Fine-tune large language models with Amazon SageMaker Autopilot
Fine-tuning foundation models (FMs) is a process that involves exposing a pre-trained FM to task-specific data and fine-tuning its parameters. It can then develop a deeper understanding and produce more accurate and relevant outputs for that particular domain.
In this post, we show how to use an Amazon SageMaker Autopilot training job with the AutoMLV2 SDK to fine-tune a Meta Llama2-7B model on question answering tasks. Specifically, we train the model on multiple-choice science exam questions covering physics, chemistry, and biology. This fine-tuning approach can be extended to other tasks, such as summarization or text generation, in domains like healthcare, education, or financial services.
AutoMLV2 supports the instruction-based fine-tuning of a selection of general-purpose FMs powered by Amazon SageMaker JumpStart. We use Amazon SageMaker Pipelines, which helps automate the different steps, including data preparation, fine-tuning, and creating the model. We use the open source library fmeval to evaluate the model and register it in the Amazon SageMaker Model Registry based on its performance.
Solution overview
The following architecture diagram shows the various steps involved to create an automated and scalable process to fine-tune large language models (LLMs) using AutoMLV2. The AutoMLV2 SDK simplifies the process of creating and managing AutoML jobs by providing high-level functions and abstractions, making it straightforward for developers who may not be familiar with AutoML concepts. The CreateAutoMLJobV2 API offers a low-level interface that allows for more control and customization. Using the SDK offers benefits like faster prototyping, better usability, and pre-built functions, and the API is better for advanced customizations.
To implement the solution, we use SageMaker Pipelines in Amazon SageMaker Studio to orchestrate the different steps. The solution consists of two pipelines: training and inference.
To create the training pipeline, you complete the following steps:
Load and prepare the dataset.
- Create a SageMaker Autopilot CreateAutoMLJobV2 training job.
- Check the training job status.
- Deploy the best candidate model.
The following steps configure the inference pipeline:
Preprocess data for evaluation.
- Evaluate the model using the fmeval library.
- Register the model if it meets the required performance.
To deploy the solution, refer to the GitHub repo, which provides step-by-step instructions for fine-tuning Meta Llama2-7B using SageMaker Autopilot and SageMaker Pipelines.
Prerequisites
For this walkthrough, complete the following prerequisite steps:
- Set up an AWS account.
- Create a SageMaker Studio environment.
- Create two AWS Identity and Access Management (IAM) roles:
LambdaExecutionRole
andSageMakerExecutionRole
, with permissions as outlined in the SageMaker notebook. The managed policies should be scoped down further for improved security. For instructions, refer to Create a role to delegate permissions to an IAM user. - On the SageMaker Studio console, upload the code from the GitHub repo.
- Open the SageMaker notebook ipynb and run the cells.
Training pipeline
The following training pipeline shows a streamlined way to automate the fine-tuning of a pre-trained LLM and the deployment of the model to a real-time endpoint inference.
Prepare the data
For this project, we used the SciQ dataset, which contains science exam questions about physics, chemistry, biology, and other subjects.
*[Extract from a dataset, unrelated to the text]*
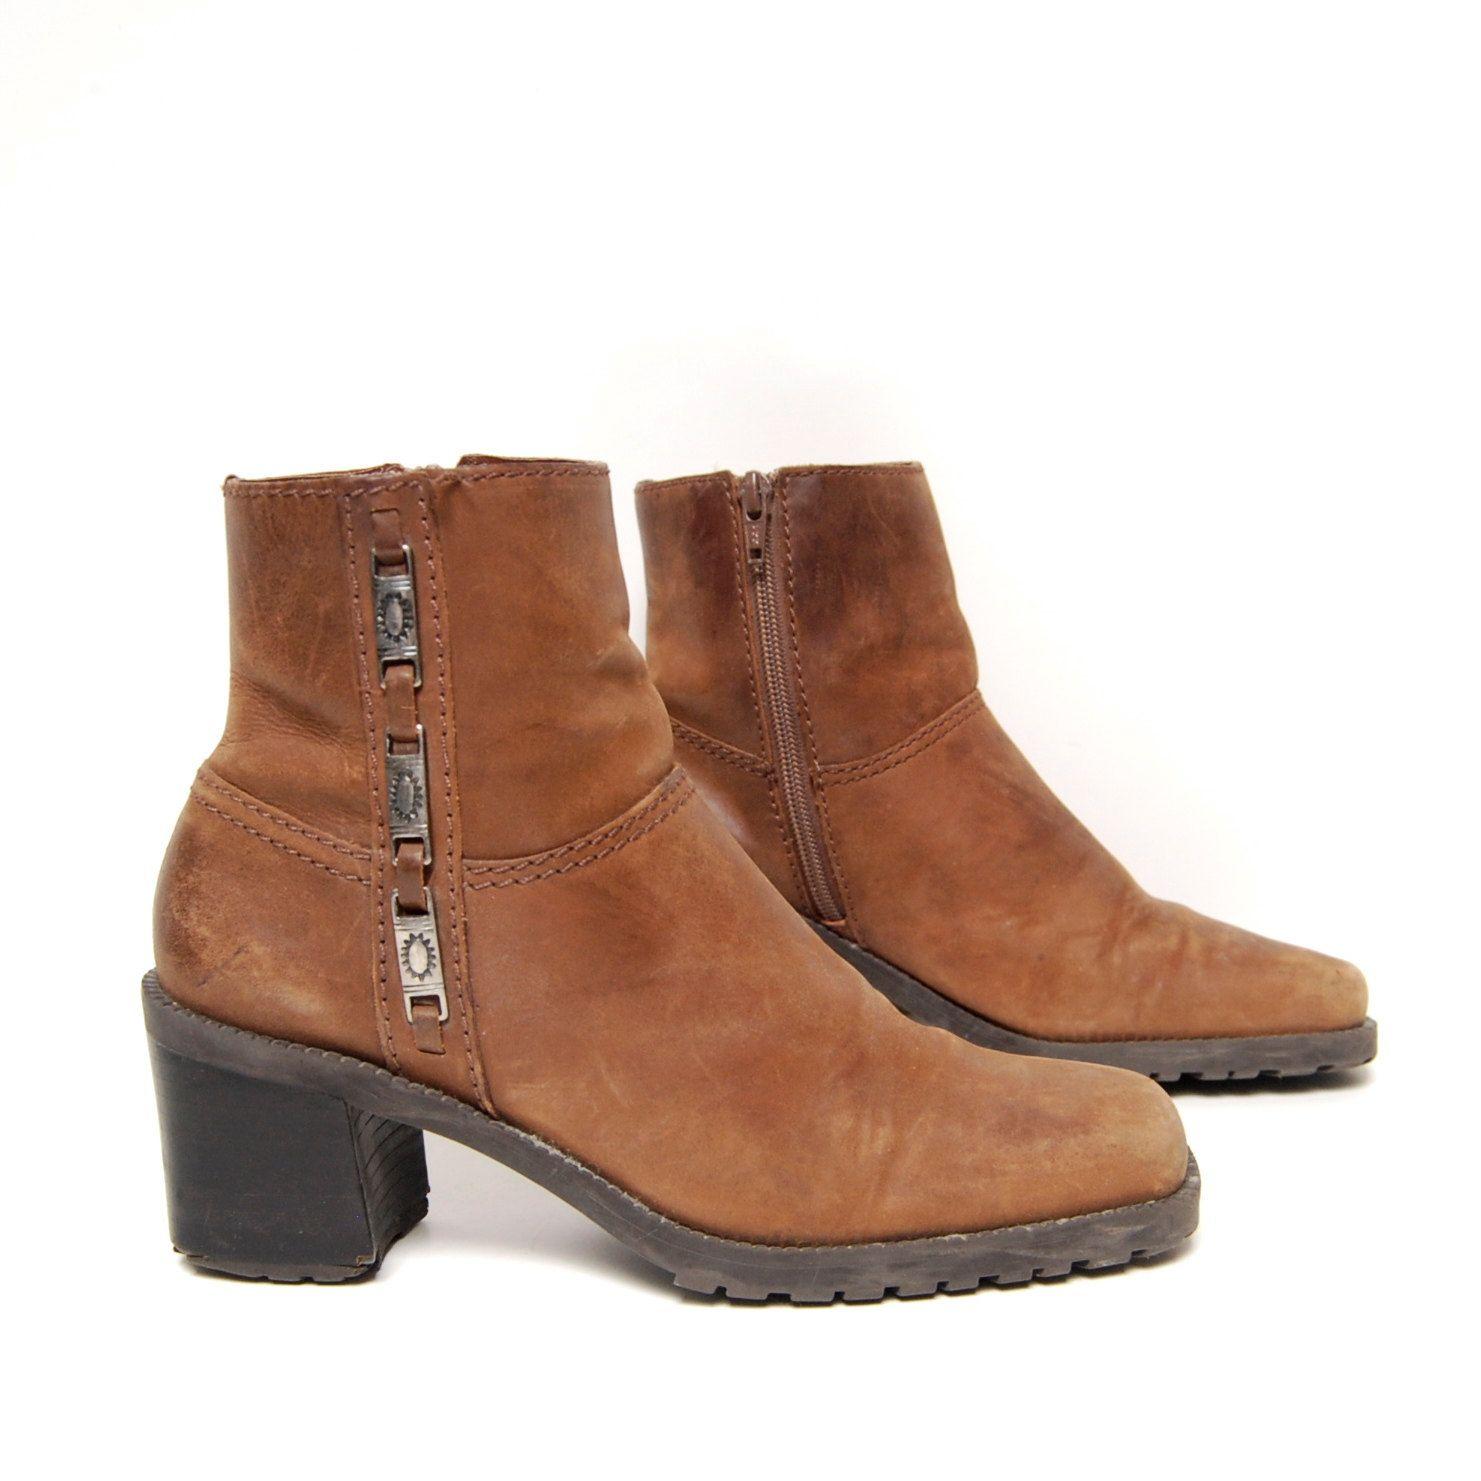 size 7 PLATFORM brown leather 80s 90s SOUTHWEST by 20twentyvintage

SageMaker Autopilot supports instruction-based fine-tuning datasets formatted as CSV files (default) or as Parquet files.
When you prepare your CSV file, make sure that it contains exactly two columns:
- The input column must be in a string format and contains the prompt
- The output column is in a string format and indicates the ground truth answer
In this project, we start by removing the irrelevant columns. Next, we combine the question and support columns to create a comprehensive prompt, which is then placed in the input column. SageMaker Autopilot sets a maximum limit on the number of rows in the dataset and the context length based on the type of model being used. We select 10,000 rows from the dataset.
Finally, we divide the data into training and validation sets:
Create an CreateAutoMLJobV2 training job
AutoMLV2 makes it straightforward to train, optimize, and deploy machine learning (ML) models by automating the tasks involved in the ML development lifecycle. It provides a simple approach to create highly accurate models tailored to your specific problem type, whether it’s classification, regression, forecasting, or others. In this section, we go through the steps to train a model with AutoMLV2, using an LLM fine-tuning job as an example. For this project, we used the Meta Llama2-7B model. You can change the model by choosing from the supported LLMs for fine-tuning.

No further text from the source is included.